Surgery for eyelid lesions is individualized to the patients particular deformity.  Frequently, patients are asked to arrive 1-2 hours prior to surgery.  This allows the nursing staff to draw appropriate lab work, start an IV and answer any further questions you may have.  An anesthesiologist will discuss anesthesia prior to surgery and answer any questions you may have.
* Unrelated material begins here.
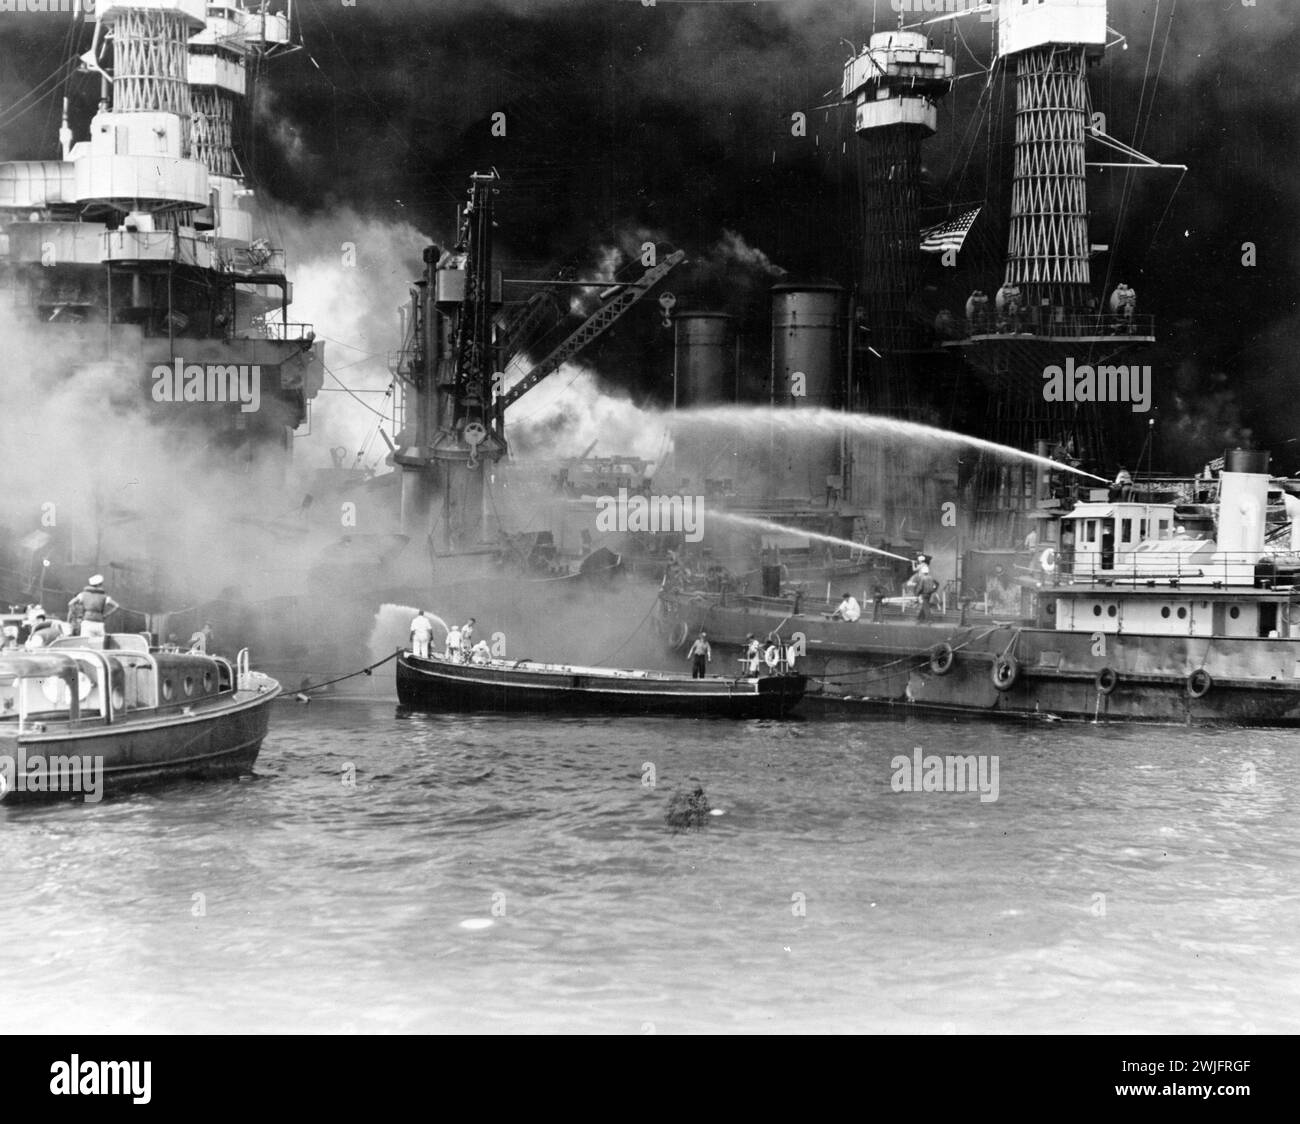 Seconda guerra mondiale - Pearl Harbor, Hawaii, 7 dicembre 1941. USS West Virginia aflame. Ignorando le pericolose possibilità di esplosioni, i marinai americani si trovano a fianco della nave da battaglia in fiamme per combattere meglio le fiamme Foto Stock

It is not uncommon in the reconstruction of eyelid deformities to need to graft tissue from one part of the body into the eyelids.  Common donor sites include the oral mucosa, skin from behind the ear, skin from the eyelid, cartilage from the ear or nose and fascia (tough fibrous tissue) from the lateral thigh.

Postoperative Care

Postoperative care after excision of eyelid lesions is individualized to the patients specific abnormality.  It is not uncommon to be instructed to leave an eye patch on for 24 hours.  The wounds patient may be instructed to clean the wounds with sterile saline solution or hydrogen peroxide twice daily and antibiotic ointment placed on the wounds.  Many patients are treated with oral antibiotics for 5-7 days after surgery.  A follow up appointment with your physician will be scheduled within 5-7 days.

Complications

Eyelid surgery is very safe.  Bruising and swelling are common and usually subsides within 1-2 weeks.  Inability to close the eye is also common during the first 1-2 weeks.  Significant scarring and pain are unusual as is infection.  As with any surgery in and around the eye, there is a risk of loss of vision.  Most experts believe that this risk is approximately 1/40,000.  Any significant postoperative bleeding, pain, redness or visual disturbances must be reported to your physician.

Most eyelid surgery is performed in the office or as an outpatient under local anesthesia.  Complications are very rare and include:  bleeding, infection, bruising, swelling, inability to close the eye, scarring and loss of vision.  Because we have a unique understanding of the eye and plastic surgery, we are frequently asked to correct eyelid deformities in other surgeon’s patients with sub optimal results.